Friday, January 11, 2013

Some thoughts on Les Miz


There are rules that govern stage performances which do not apply to film.  One of them is what I call the three minute rule.  If a scene or a song goes on for three minutes or more during a play or a musical, an attentive audience will get caught up in the moment and its short-term memory will re-set, so that time takes second place to cause-and-effect.  Instead of asking chronological questions (where does this next scene happen in time?) the audience asks consequential questions (how does this next scene follow from what I’ve just seen?).  This is why, when you lay out the plot of Othello in a spreadsheet, it makes no sense, but when you see it in the theatre, it hums like clockwork.

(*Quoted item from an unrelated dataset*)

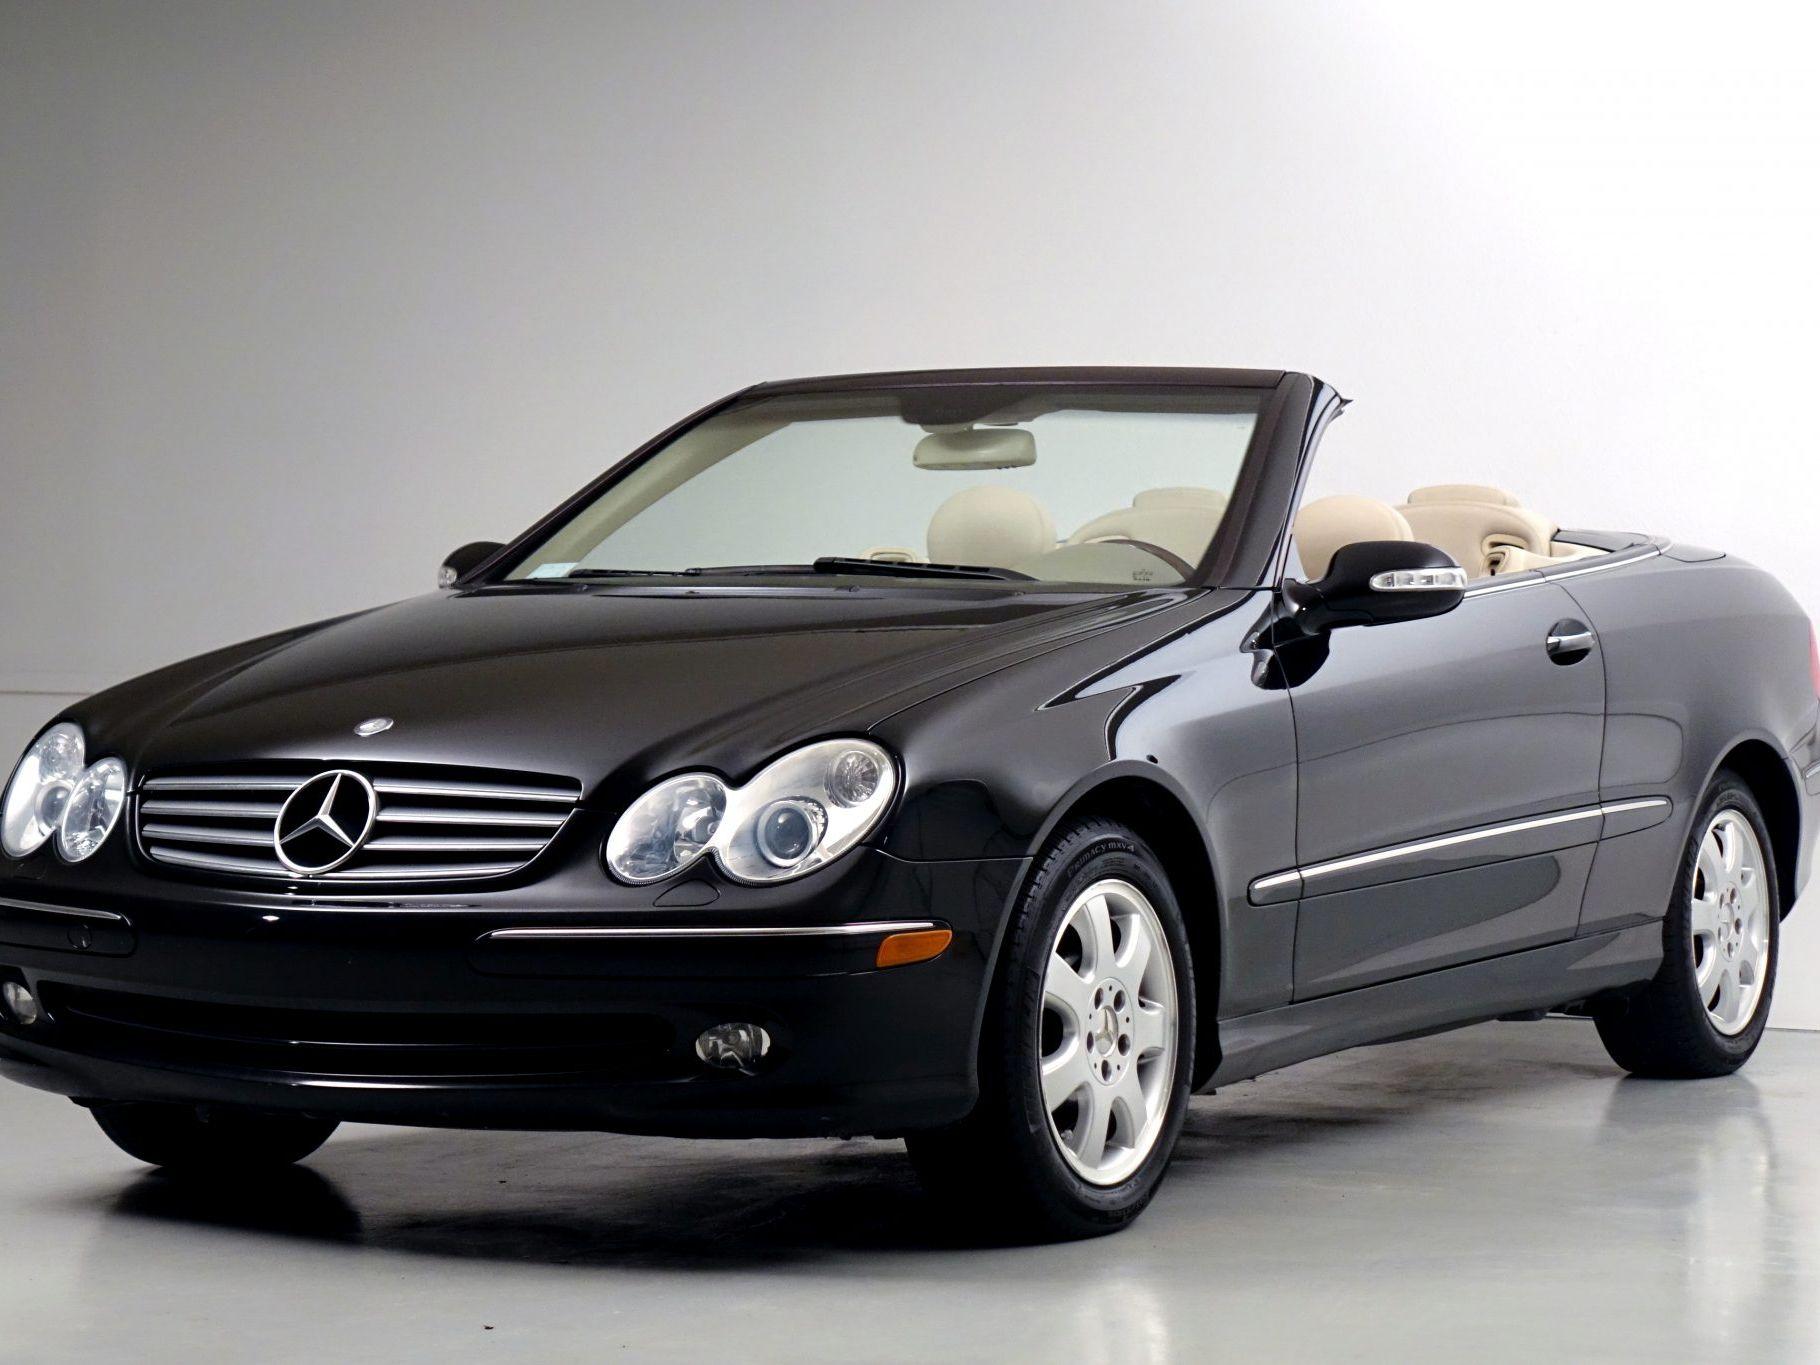 2005 Mercedes-Benz CLK320 Convertible

I bring this up because, as I mentioned, film works differently.  In film, time takes first place; so when you’re watching a filmed stage musical with mostly songs and multiple locations that takes place over, say, 17 years of real time, simply presenting the scenes and songs one right after the other without layering in some temporal breathing space (wide shots; montage) makes everything look like, well, that Othello spreadsheet.  This is why the movie version of Les Miz takes place in a city of almost 2 million inhabitants where the same five people keep bumping into each other once every ten minutes.  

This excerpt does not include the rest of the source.